10 KASIM GÜNÜN ANLAM VE ÖNEMİNİ BELİRTEN KONUŞMA-1
71…
71 numaralı oda… Nedir bilir misiniz? Ata’mın Dolmabahçe’de verdiği son nefesin duvarlarına sindiği oda. Bugün de şu an da binlerce, on binlerce nefesin ona olan özlemini bir nebze gidermek için koştuğu oda. Bir yatak, bir dolap, masada 9’u 5 geçe durmuş bir saat… Duvarda en sevdiği tablo: 4 Mevsim…
Bu odaya çok daha önce dönmeliydi aslında. Doktorlar “Dönmeliyiz.” dediğinde… Derhal tedaviye başlamalıyız, dediğinde… Ama dönmedi. Bekledi. Bedeninde büyümekte olan illeti bile bile... Her gün ölüme biraz daha yaklaştığını bile bile... Dönmedi. Savarona’daydı uzun zamandır. Hatay’dı tek düşüncesi. Orayı almadan geri dönmeyecekti. Varlığını Türk varlığına armağan etmişti bir kere. Gerisi teferruat idi. Nitekim aldı da. Halsizdi. Bitkindi. Ama düşmana karşı yine dimdikti. Vazifesini tamamlamanın rahatlığıyla artık geri dönebilirdi.

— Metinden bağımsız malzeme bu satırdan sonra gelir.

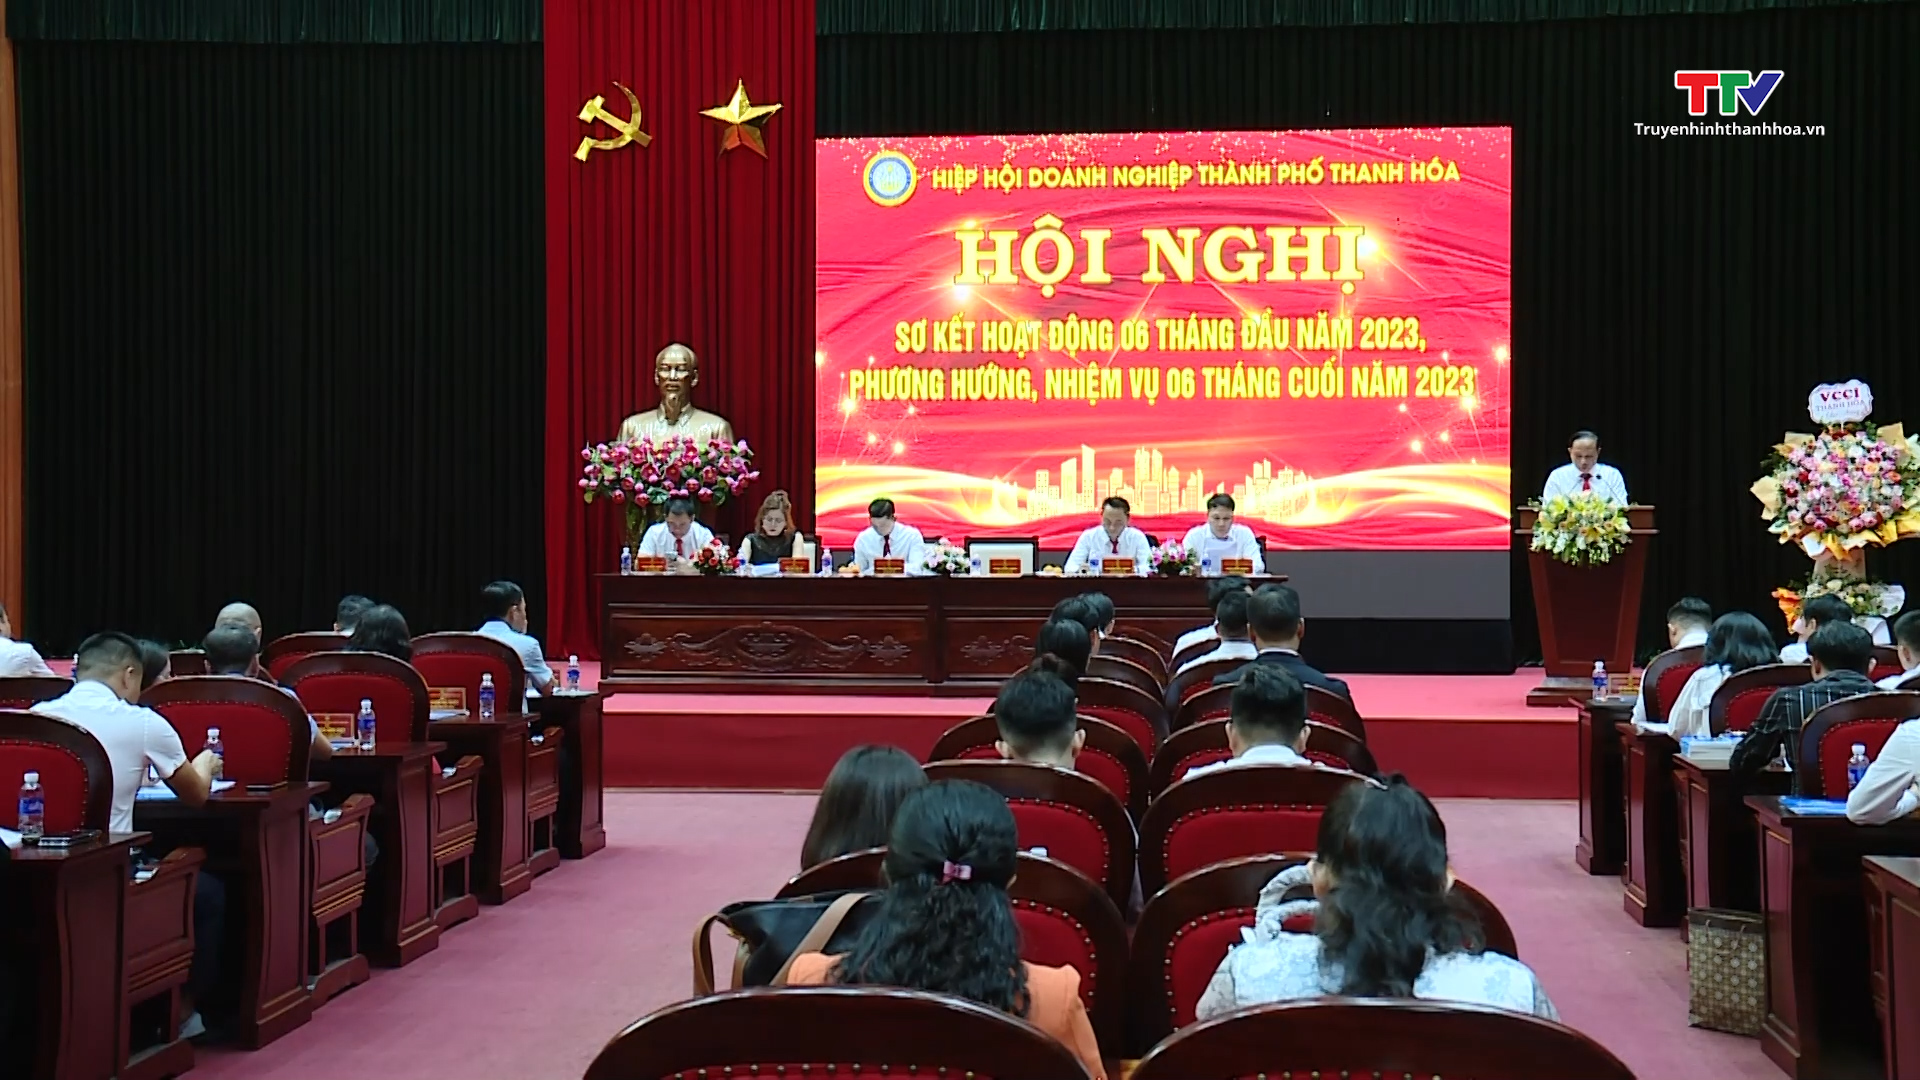 Hiệp hội Doanh nghiệp thành phố Thanh Hóa triển khai hoạt động 6 tháng cuối năm 2023 - Ảnh 1.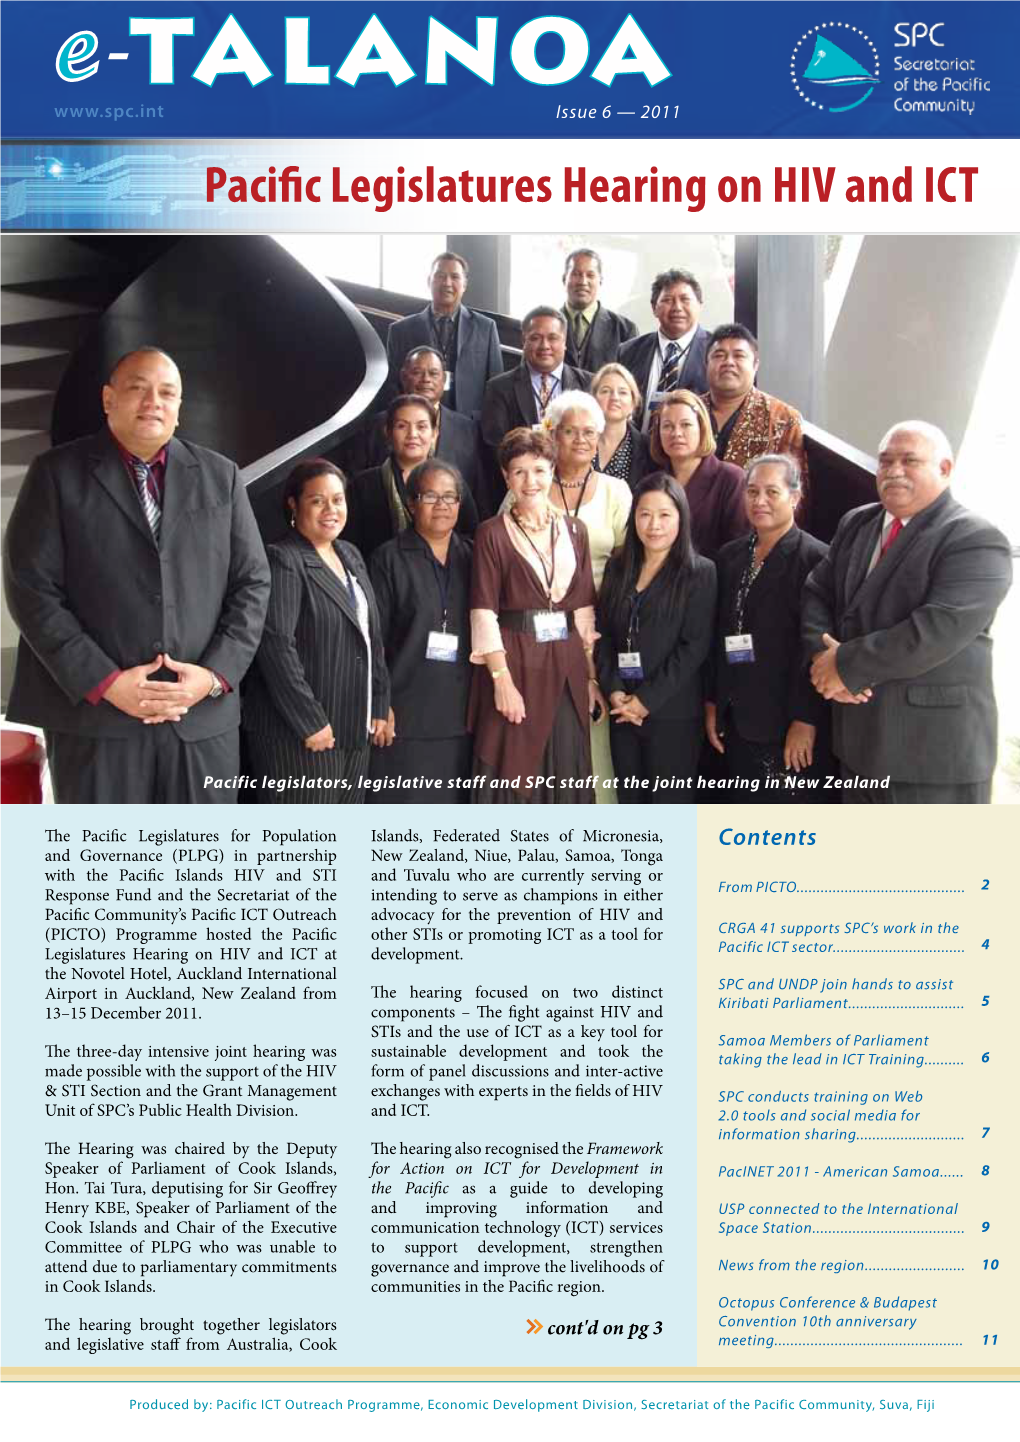 E-TALANOA Issue 6 — 2011

Bir gece vakti yanaştı Savarona Dolmabahçe’ye. Gece zifiri karanlık. Dolmabahçe’de hiç ışık yok. Karanlıkta girmek istemişti içeri. Mehmetçiği onu böyle görmesin istemişti. İstemişti ki güçlü, heybetli haliyle bilsinler onu hep. Tıpkı Sakarya’daki gibi…
Çocuklar, dedi. Artık tedaviye başlayabilirsiniz. Ne var ki artık çok geçti. Buradan sonrasını hepimiz biliyoruz elbet.
Ama Ata’m, Ulu Önderim, Başöğretmenim,
İsterim ki sen de şunu bil:
Biz evlatların seni hep senin istediğin halinle hatırlıyoruz. Kocatepe’ye çıkarkenki düşünceli duruşunla… “Ordular! İlk hedefiniz Akdeniz’dir. İleri!” derken kalkan parmağınla… İşgal donanmasına bakıp “Geldikleri gibi giderler.” deyişin ve gerçekten de gönderişinle… Çanakkale’de, Sakarya’da yazdığın destanlarla… Çocuklara bakarken dalga dalga olan bir çift deniz göz ile… Ülkü ile oynarken bir çocuk gibi şen oluşunla… Her zaman şık, her zaman saygın görünüşünle… Ama en çok da küllerinden doğan bir ulusu tekrar şahlandırışınla… Sen bizim her anımızda, hep sol yanımızda…
Ve evet Ata’m. Şu sözlerin hep aklımızda:
“Elbet bir gün beni unutturmaya çalışanlar olacaktır. Ama Türk gençleri buna asla izin vermeyecektir."